The analysis evaluated 91 newly diagnosed patients with metastatic
osteosarcoma who were treated with one of the chemotherapy regimens with or
without L-MTP-PE. At five-years the overall survival (OS) for patients who
received L-MTP-PE (n=46) was 53% versus 40% for those who did not receive
L-MTP-PE (n=45). Event-free survival (EFS) at five years for patients who
received L-MTP-PE was 42% versus 26% for those patients who did not receive
L-MTP-PE. While these results showed improvement, the subset was not
powered to show statistical significance due to the small sample size.
Update on L-MTP-PE Regulatory Status
In January 2008 the Company announced that following presentation of
data at an oral explanation hearing before the Committee for Medicinal
Products for Human Use (CHMP) of the European Medicines Agency, the CHMP
determined in a non-binding opinion that L-MTP-PE suggested a possible
clinical benefit in terms of survival and granted the Company a clock stop,
or time extension. The clock stop allows the Company additional time to
respond to all the remaining questions regarding the marketing
authorization application for L-MTP-PE (MAA). The CHMP has requested
clarification of the existing data in order to gain assurance about the
quality of the data before drawing any final conclusions from the data
presented. In addition, the Company is required to address a number of
remaining questions relating to chemistry, manufacturing and controls (CMC)

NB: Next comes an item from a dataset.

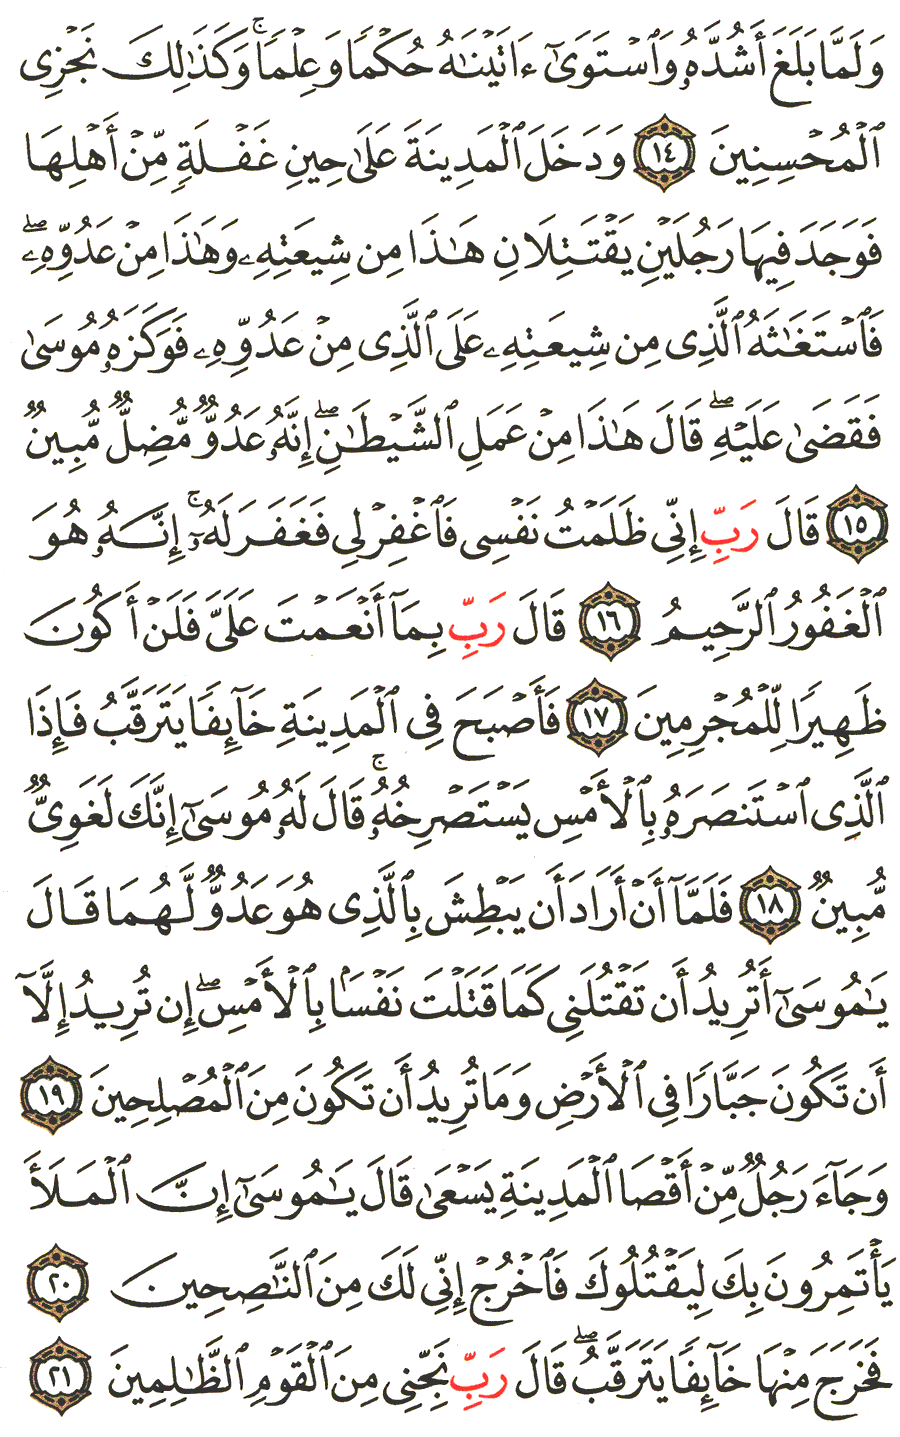 الصفحة رقم 387  من القرآن الكريم مكتوبة من المصحف

and the Company expects to provide responses and data regarding these
issues to the CHMP in advance of its meeting scheduled for June 23-26,
although the CHMP may have additional questions or require additional
information regarding these issues. In April, the European regulatory
authorities conducted an inspection of the Children's Oncology Group (COG)

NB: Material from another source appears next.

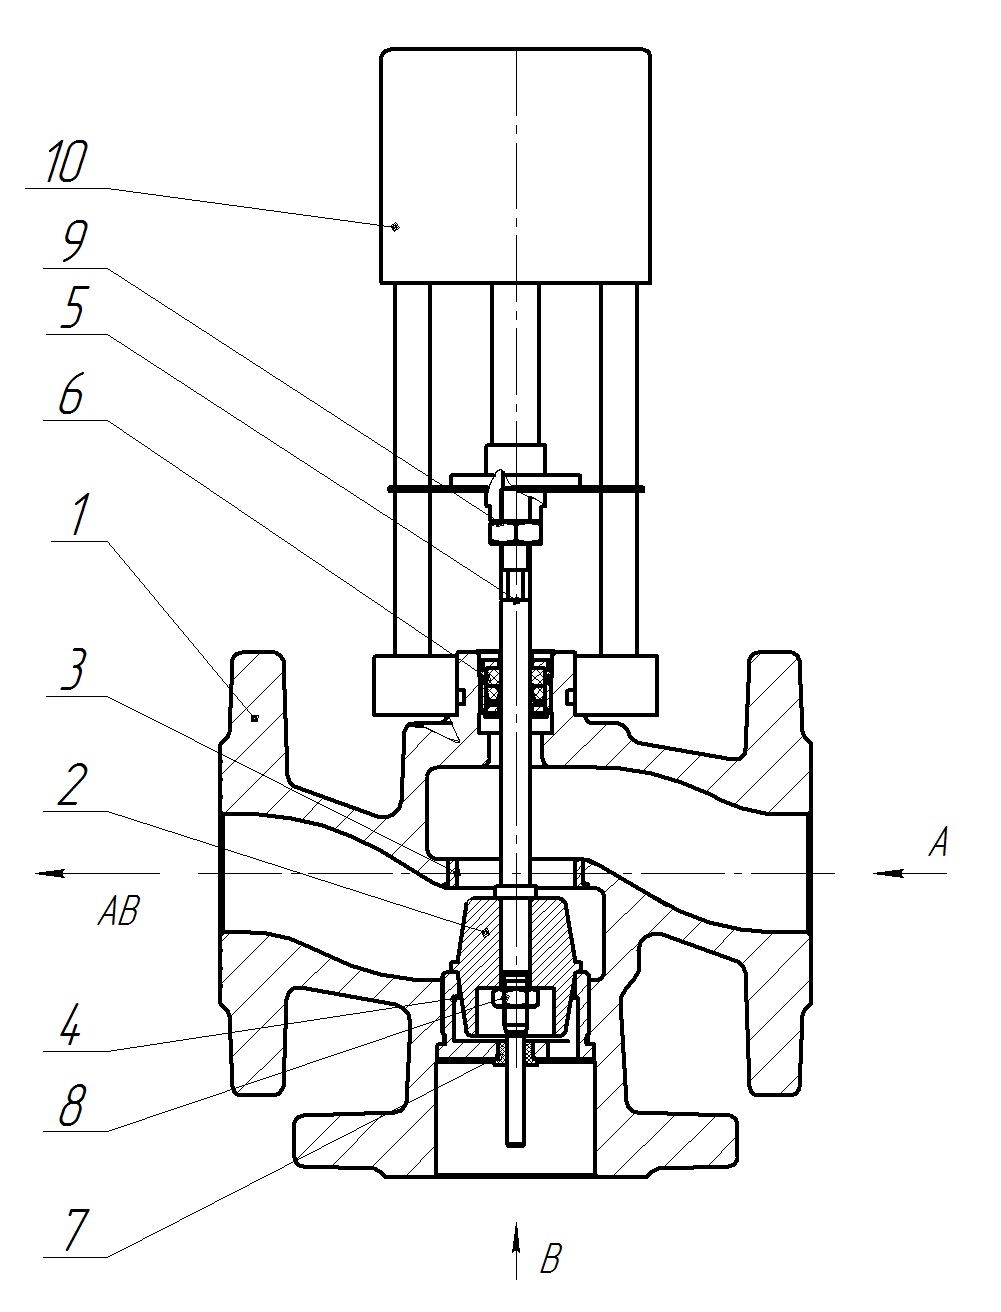 Клапан регулирующий трехходовой разделительный DN.ru 23ч901нж Ду80 Ру16 Kvs63 серый чугун СЧ20, фланцевый, Tmax до 150°С с электроприводом Катрабел TW-3000-XD220

to assess the quality of the overall survival data from the 2006
confirmatory database included in the Company's applications for regulatory
approval, and to review Good Clinical Practices compliance of COG in terms
of patient randomization and stratification, overall survival data
collection, and study monitoring. The Company supported the COG in this
effort.
The Company expects to receive a final opinion from the CHMP in the
third quarter and a final decision from the European Commission in the
fourth quarter of 2008.
As previously announced, in the United States the Company continues to
work with the COG as well as external experts and advisors to gather
patient follow up data from the Phase 3 clinical trial of L-MTP-PE and to
respond to other questions in the non-approvable letter the Company
received from the U.S. Food and Drug Administration (FDA). The Company
expects to submit the amended New Drug Application (NDA) in the fourth
quarter of 2008.
L-MTP-PE was granted orphan drug status in the United States in 2001
and in Europe in 2004. In Europe, the MAA was filed in November 2006 and in
the U.S., the NDA was submitted to FDA in October 2006 and was accepted for
review in December 2006.
About Osteosarcoma
Between two and three percent of all childhood cancers are
osteosarcoma. Because osteosarcoma usually develops from osteoblasts, it
most commonly affects children and young adults experiencing their
adolescent growth spurt. Boys and girls have a similar incidence rate until
later in their adolescence, when boys are more commonly affected. While
most tumors occur in larger bones, such as the femur, tibia, and humerus,
and in the area of the bone that has the fastest growth rate, they can
occur in any bone. The most common symptom is pain, but swelling and
limited movement can occur as the tumor grows.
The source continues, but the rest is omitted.